Birss is currently the Scientific Director of CAESR-Tech (Calgary Advanced Energy Storage and Conversion Research Technologies), a large cluster of scientists and engineers who are focused on electrochemical technologies. This includes electrolysis cells, fuel cells, a variety of batteries and electrochemical capacitors, as well as electricity management and LCA, all at the University of Calgary. The CAESR-Tech cluster then spawned the ME2 NSERC CREATE student training center. Birss currently also serves as the Co-Lead of the Electrolysis Theme of HyPT (Hydrogen Production Technologies), a Global Research Center.
=== Awards and honours ===
Her awards and honours include;

- 2021 Fellow, Royal Society of the UK
- 2019 Peak Scholar, University of Calgary
- 2018 Killam Research Excellence Award
- 2018 Order of the University of Calgary
- 2017 David Grahame Award, Electrochemical Society Inc.
- 2016 Highlighted in ‘Successful Women Ceramic and Glass Scientists and Engineers, p. 13-18, Edited by Lynnette D. Madsen, Wiley
- 2014 Honorary Professor, University of Science and Technology, Beijing
- 2014 China Distinguished Materials Scientist, Univ. of Science and Technology Beijing
- 2012 Featured in U of Calgary promotional video (‘Eyes High – Reaching the Community’)
- 2011 Fellow, Royal Society of Canada
- 2010 Finalist for Outstanding Leadership in Alberta Technology (ASTECH Award)
- 2007 Awardee (Women’s Resource Center, U. of Calgary) for outstanding achievements as a research scientist, student supervisor, and mentor
- 2007 Fellow, Electrochemical Society Inc.
- 2006 Top 40 Alumni in the last 40 years, University of Calgary, 2006
- 2004 - 2018 Tier I CRC, Fuel Cells and Related Energy Applications
- 2005 NSF ADVANCE Distinguished Lectureship, Cleveland, Ohio
- 2003-2005 Honeywell Foundation Research Award
- 2002 Killam Resident Research Fellowship, University of Calgary
- 1998 CIC Lecture Award, University of Sherbrooke, Quebec
- 1996 Fellow, Canadian Society for Chemistry
- 1995 Faculty of Science, University of Calgary, Excellence in Research Award
- 1994 YWCA Woman of Distinction Award in Science and Technology, Calgary
- 1993 C. Benson Award, Canadian Society for Chemistry, Inaugural Recipient
- 1986 W. Lash Miller Award in Electrochemistry, Electrochemical Soc. Inc. (Canadian Section)
- 1985 Electrochemical Society W. Lash Miller Award

She is a Fellow of the Royal Society (UK), Royal Society of Canada, the Chemical Institute of Canada and the Electrochemical Society.

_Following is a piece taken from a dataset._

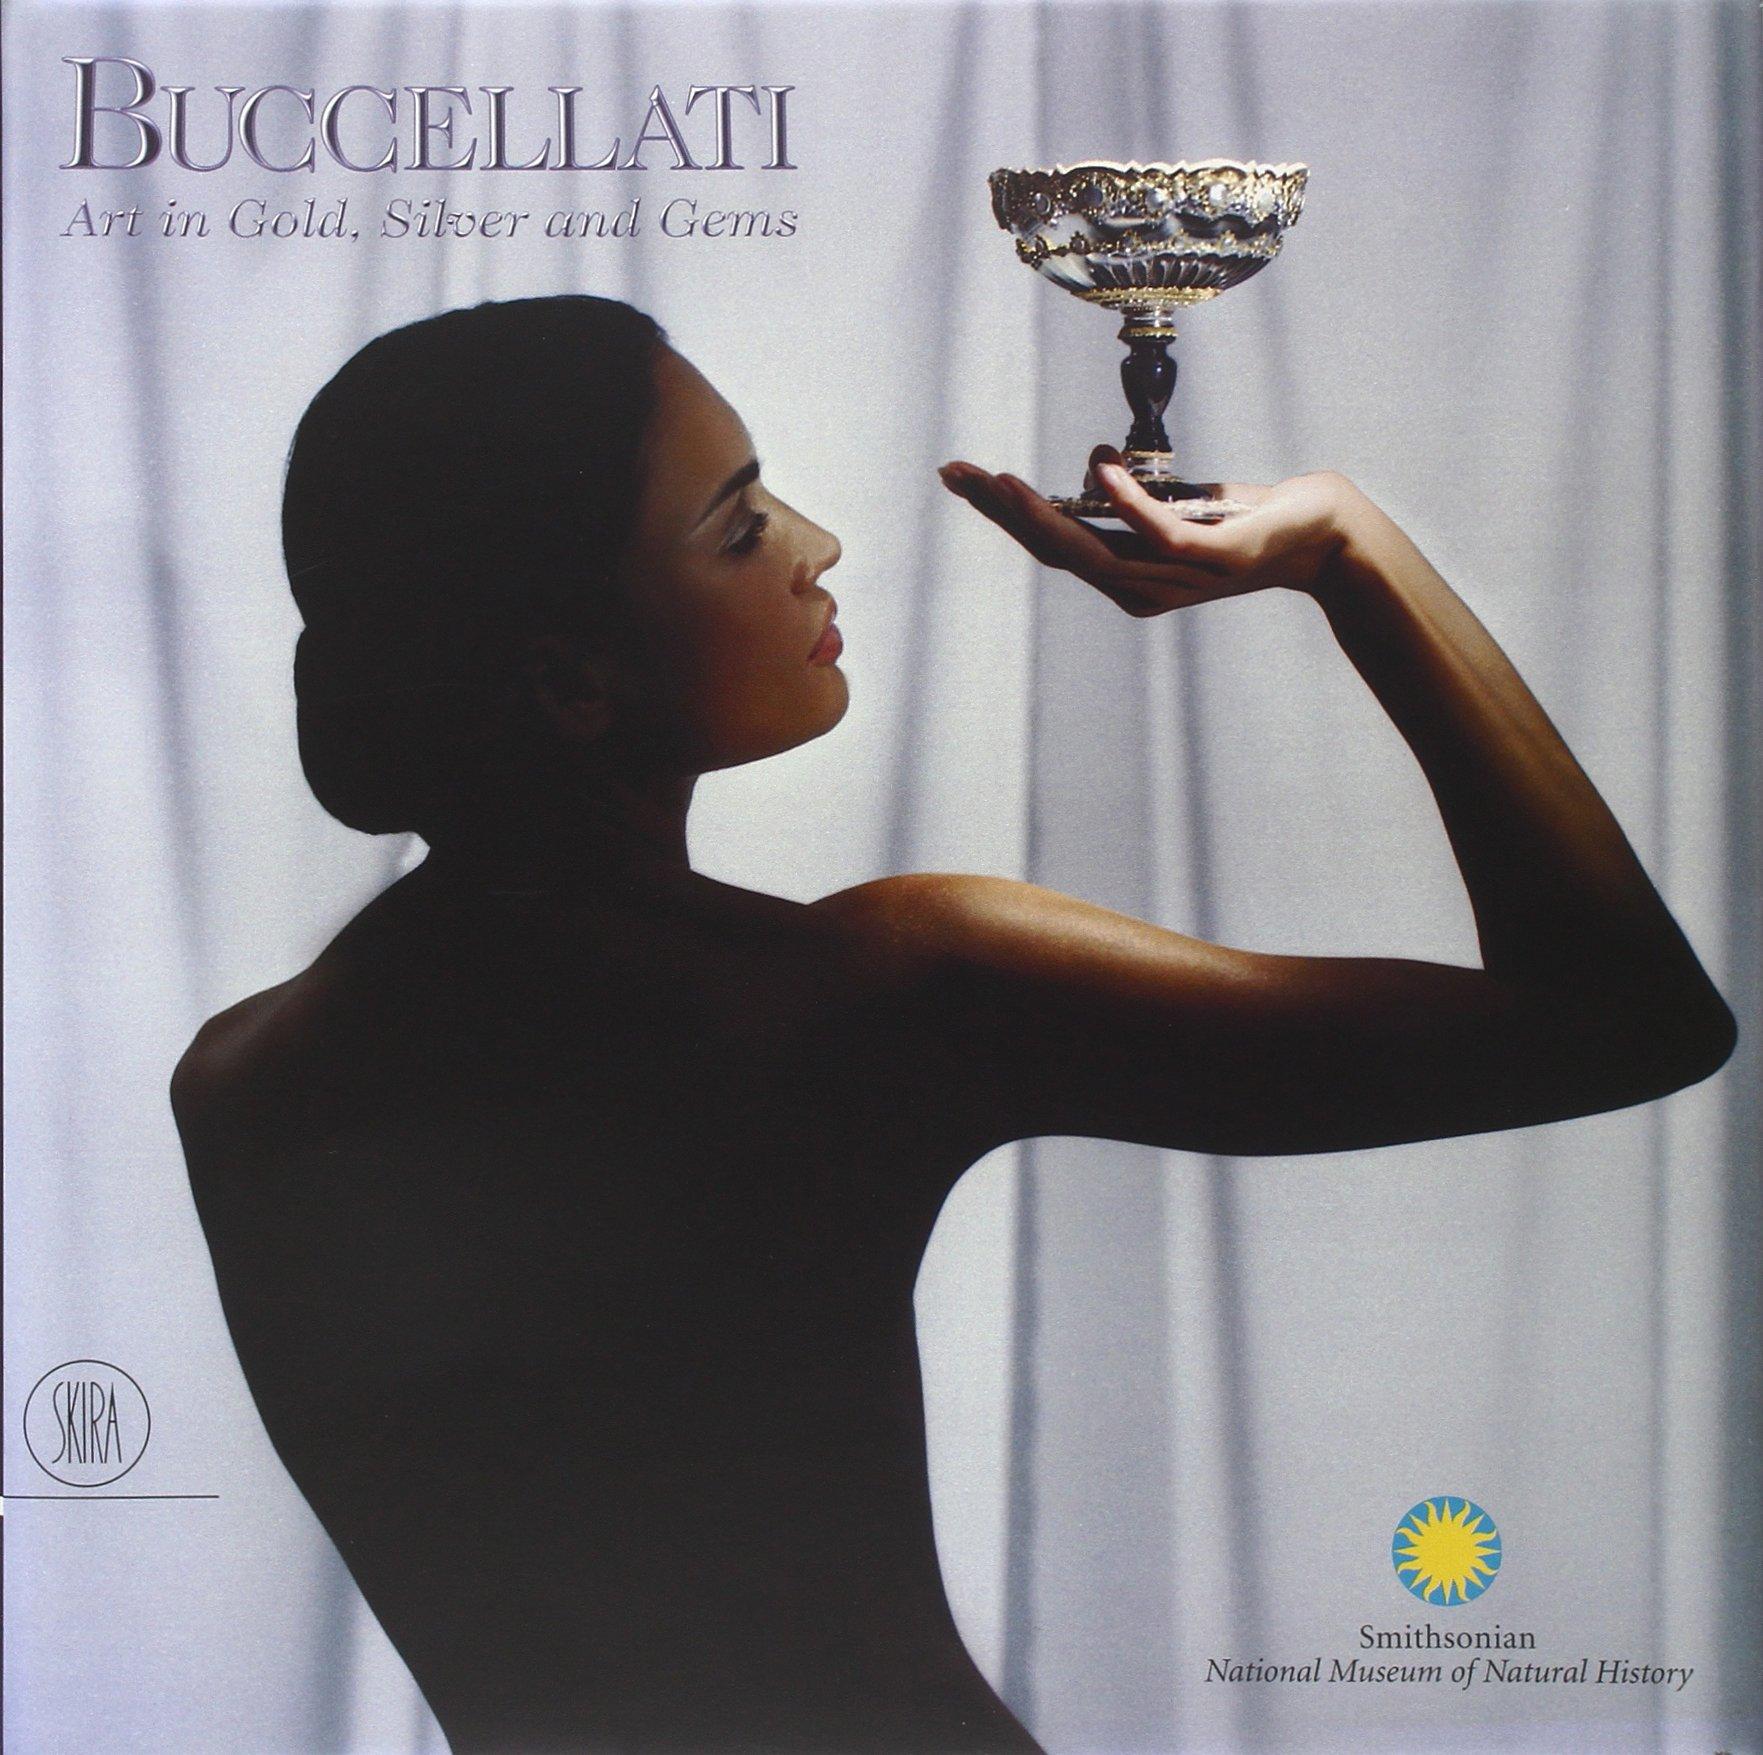 Buccellati: Art in Gold, Silver, and Gems

=== Selected publications ===
Her publications include:

- Birss, Viola (2004). "Historical Perspectives on the Evolution of Electrochemical Tools"
- Birss, Viola (2006). "High performance PtRuIr catalysts supported on carbon nanotubes for the anodic oxidation of methanol"
- Birss, Viola (1990). "Conversion of methane by oxidative coupling"

Birss serves as associate editor of the Journal of Materials Chemistry A.